# Unfortunate shop safety Reminder *Warning Graphic*



## Jagerheister (Apr 29, 2015)

I was making a furniture video, and I caught a table saw accident on film. It's crazy how fast things happen.


----------



## Ripper70 (Nov 30, 2015)

Oh man! I was holding my breath and my chest was pounding watching this video. I knew what was coming and was reminded of an accident I had years ago where I sustained similar damage to three fingers on my right hand. Kickback was the culprit in my case but it shows that you can't let your guard down for a second. As a result of my incident, though the wounds have healed, I never have fully gotten the feeling back in the tips of my fingers.

I hope your recovery is speedy and complete. Thanks for sharing. Hopefully, we can all learn from it.


----------



## Tony_S (Dec 16, 2009)

Sweet mother of wtf were you thinking!?

There's no such thing as a 'smart' table saw accident but there are degee's of dumbness….thats got to be one of the dumbest ones I've ever seen.

Sorry to be so harsh….no other way to describe what I just watched.


----------



## therealSteveN (Oct 29, 2016)

Totally unavoidable really isn't an accident, it's a choice. Using your finger as the push stick, falls into totally unavoidable. Especially when your fingers come that close to the blade. Something tells me you may now know this.

Thanks for posting though. If one person wakes up, it will have been worth the post.


----------



## Redoak49 (Dec 15, 2012)

Thanks for posting this reminder but…...

You are lucky you were not hurt worse but it was an accident waiting to happen.

No feather boards…

No push stick or something….


----------



## Jagerheister (Apr 29, 2015)

Look what is on top of my fence… Also, look at the previous clip in the beginning of the video.. I took the finger guard off, and the rithing knife, and I left the second push stick sitting 3 inches away from where it was needed to save me from this whole situation…

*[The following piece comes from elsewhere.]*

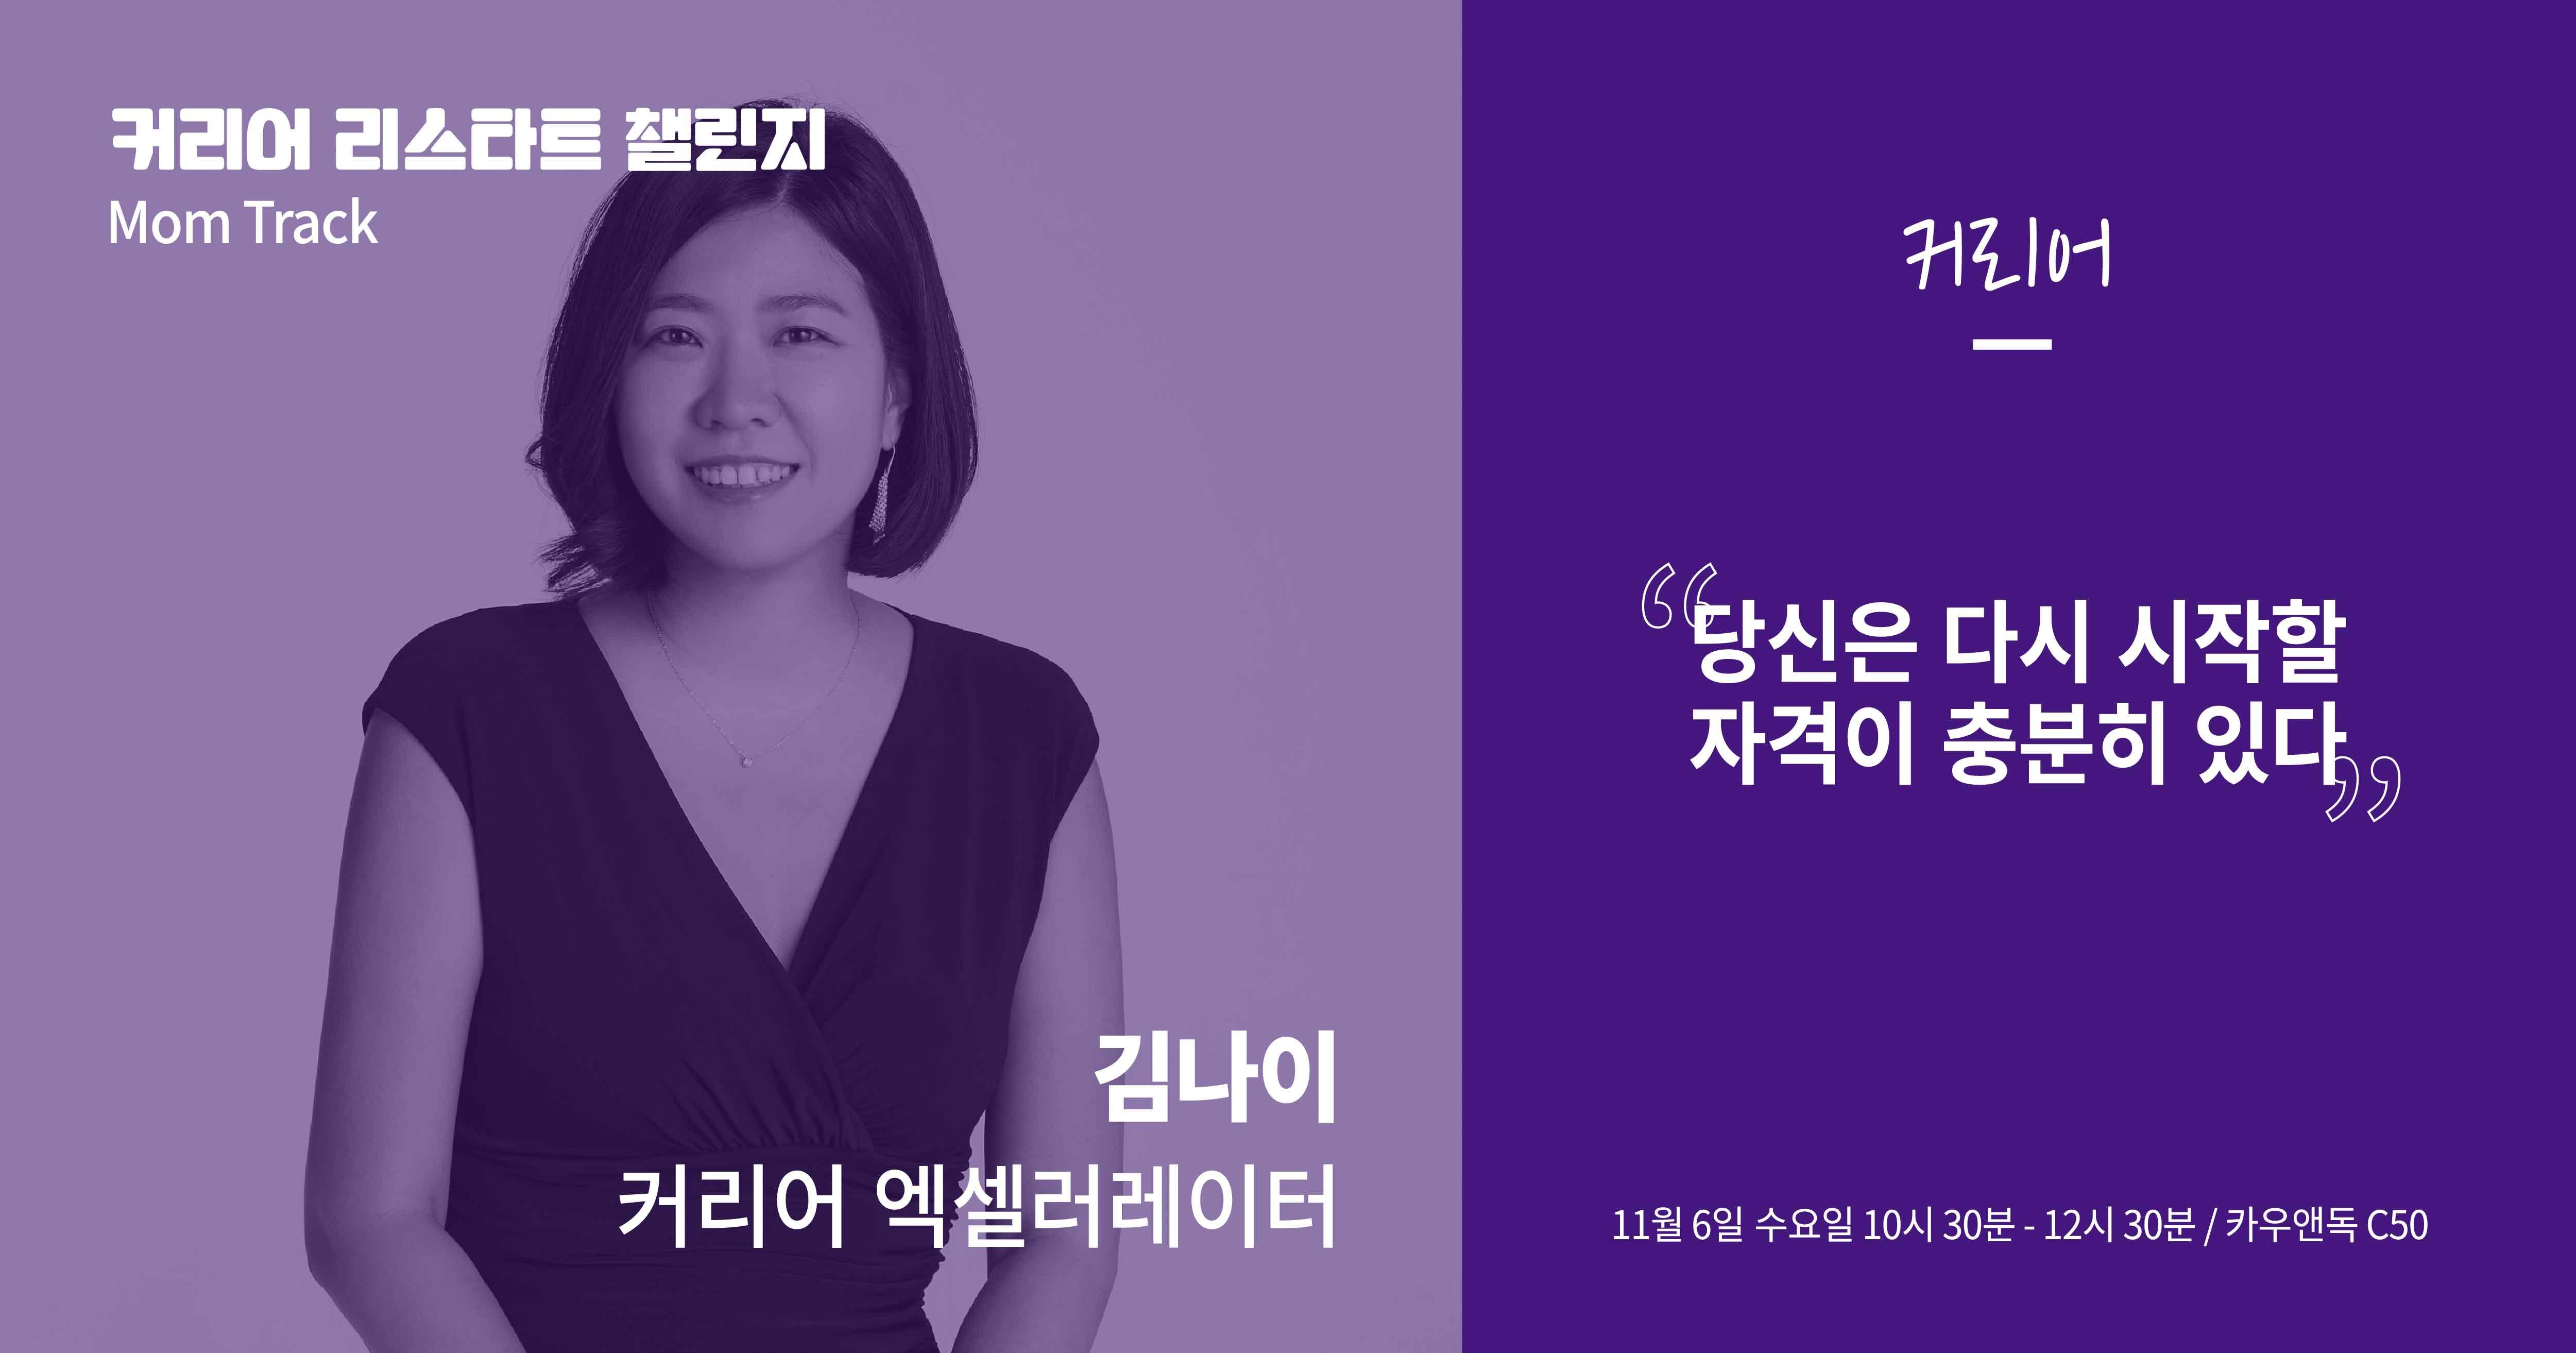 """[커리챌] """"당신은 다시 시작할 자격이 충분히 있다"""" 김나이 커리어 엑셀러레이터 이미지"""

I hope this video spares someone from a similar accident.


----------



## Chashint (Aug 14, 2016)

Sorry you were injured. 
Since I have made some questionable cuts myself, I don't mean to add to the dog pile that's already started and is going to continue. 
Having said that, seeing the techniques being used right from the beginning really made me think this was going to be even worse. 
Under the best of circumstances (riving knife, tall feather board, out feed table, a single push stick to push both pieces through the blade) that is a difficult if not dangerous cut to make on the tablesaw. 
Doing a series of repetitive cuts (especially cuts like this) begs for additional setup. 
Thanks for posting the link to the video, perhaps others (and I know there are others out there) using similar techniques will reconsider and take the time to create a safer way to do this operation.


----------



## HokieKen (Apr 14, 2015)

I've been there and it was also totally avoidable in my case. Was it a stupid mistake? Sure. I dare say there are very few, if any, examples of someone cutting themselves on a table saw that weren't stupid mistakes. But in the moment, I'd say you were focused on the fence side hand and not cutting it and keeping the piece tight to the fence to avoid kickback with the pusher and…. the human brain has a limited ability to focus intently on multiple things at one time. Glad it wasn't any worse than it was and appreciate your willingness to post it in the interest of others!


----------



## pottz (Sep 15, 2015)

yeah i was holding my breath all the way through this knowing what was coming.it was a situation weve all been in and most of us lucky to not suffer your fate.it's just that moments lapse of judgement and it's over.im not a saw stop preacher,dont even have one but that was a case where it would have prevented an injury.thank you very much for sharing this and taking the verbal beating,we all need to see this stuff.


----------



## Underdog (Oct 29, 2012)

Sorry for your injury. Thanks for the reminder to have good setups and safe practices.
I know I'm not immune to the stupids, so… I bought myself a Sawstop. And it's a hella-better saw than my old Rigid. I get glue-line rips now too.


----------



## wormil (Nov 19, 2011)

Don't stand behind the blade when ripping, don't put anything inline with the blade you want in one piece, *don't touch the blade*, and use a push stick when it makes sense.


----------



## craftsman on the lake (Dec 27, 2008)

Sigh… I chose not to click the video link. Ya, I'm a coward about this. I'll take your word for it that it's bad. I leave all my safety guards on my saw. Only remove them if I have to do a trench cut, and then I'm wary and super super careful. Twelve foot push sticks (joking here actually, but you get the point). 
I used to have a Delta/Rockwell and was very wary of a fast spinning blade with hooked teeth.
I also now have a Sawstop. Hoping to get an advantage someday should it happen.


----------



## ruger (Feb 20, 2018)

what scared me was your stock moving away from the fence as you were pushing the stock through.right before the accident.


----------



## Redoak49 (Dec 15, 2012)

While I think you made a bunch of mistakes, you are brave to post it here and be reminded numerous times about your mistakes. I am certain you have gone thru this in your mind a lot of times.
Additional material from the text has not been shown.